European drug regulator fears return to days of data secrecyBMJ 2019; 367 doi: https://doi.org/10.1136/bmj.l6133 (Published 22 October 2019) Cite this as: BMJ 2019;367:l6133
The agency that regulates drugs in Europe is nervously awaiting the outcome of an industry driven court case that aims to curb public access to clinical trial documents.
Two drug companies have argued that the European Medicines Agency (EMA) should stop making public any information on clinical trials that businesses consider commercially confidential. An initial ruling in February 2018 found in the EMA’s favour and said that, in general, clinical study reports should not be considered confidential.
But, in an appeal ruling on 11 September, advocate general Gerard Hogan found that disclosure of the documents would harm the companies’ commercial interests. These cases, taken by Merck and by PTC Therapeutics, are now waiting on a final judgment from the European Court of Justice.
In a statement released after a management board meeting earlier this month the EMA warned that, if the Court of Justice agreed with Hogan, the “existing transparency policies would be impaired and have to be revised.”1
The board warned that such a ruling risked jeopardising the benefits of making public most of the data submitted to the agency. Transparency, its statement said, “generates trust in the EU regulatory network, broadens the scientific knowledge base, fosters the development of medicines and ultimately benefits public health.”
The EMA stance is that clinical data, in general, should not be regarded as commercially confidential information. Since 2010 the EMA has introduced new transparency policies to make more information on clinical trials available to the public. Under its first policy, clinical study reports submitted to the agency can be requested for disclosure, similarly to freedom of information. In the second policy, such reports are proactively made available on a publicly accessible EMA website.
“Narrow commercial interests”
Yannis Natsis, patient representative on the EMA board, said that the EU was at the forefront of clinical trial data transparency worldwide but that this position was threatened by the pending judgment.

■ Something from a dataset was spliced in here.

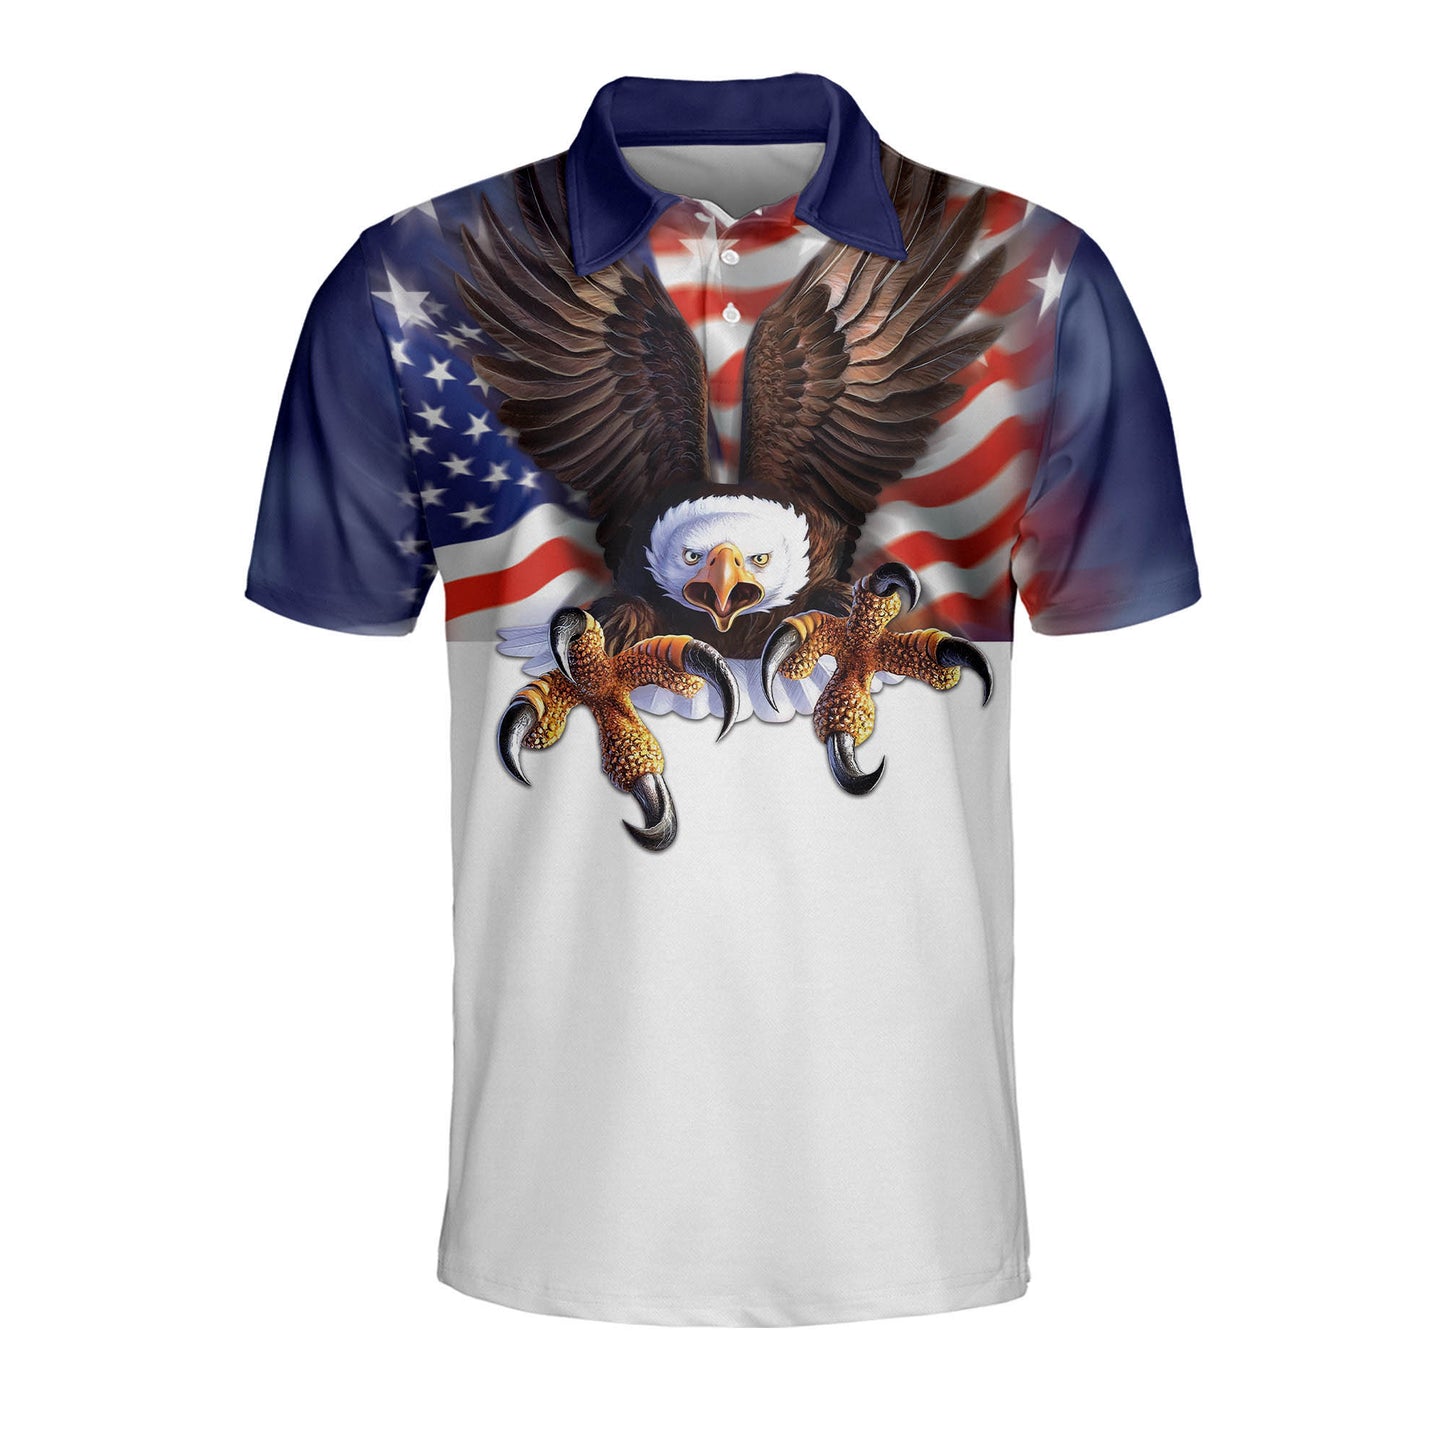 Proud To Be An American US Flag With Eagle Patriotic Polo Shirt EG0008

He said, “This will mean that data secrecy will over-ride the public interest of disclosure which is now the default option. It will be a major blow to patient safety, scientific progress, and society at large.
“Pharmaceutical companies—one of the most secretive business sectors—have long fought against clinical trial transparency, harming patients. The public interest needs to prevail over narrow commercial interests.”
A spokesperson for BEUC, the European Consumer Organisation, said, “If the Court of Justice upholds the view that CSRs [clinical study reports] should benefit from a general presumption of confidentiality, it would change the rules of the game. Sadly, such a move could easily take us back to a situation where disclosure of clinical trial data is the exception, instead of being the norm.”
A spokesperson for the European Federation of Pharmaceutical Industries and Associations said that the federation believed that the disclosure of clinical trial results and appropriate sharing of clinical trial data were in the best interests of patients, clinicians, medical research, and the biopharmaceutical industry. It said that, while it could not comment on the ongoing cases, “responsible data sharing means supporting enhanced data sharing, while safeguarding patient privacy, respecting the integrity of national regulatory systems, and maintaining incentives for investment in biomedical research.” It was committed to “working with partners across the research community to develop a shared understanding and vision of where that balance lies.”
The judgment is expected in the next few months.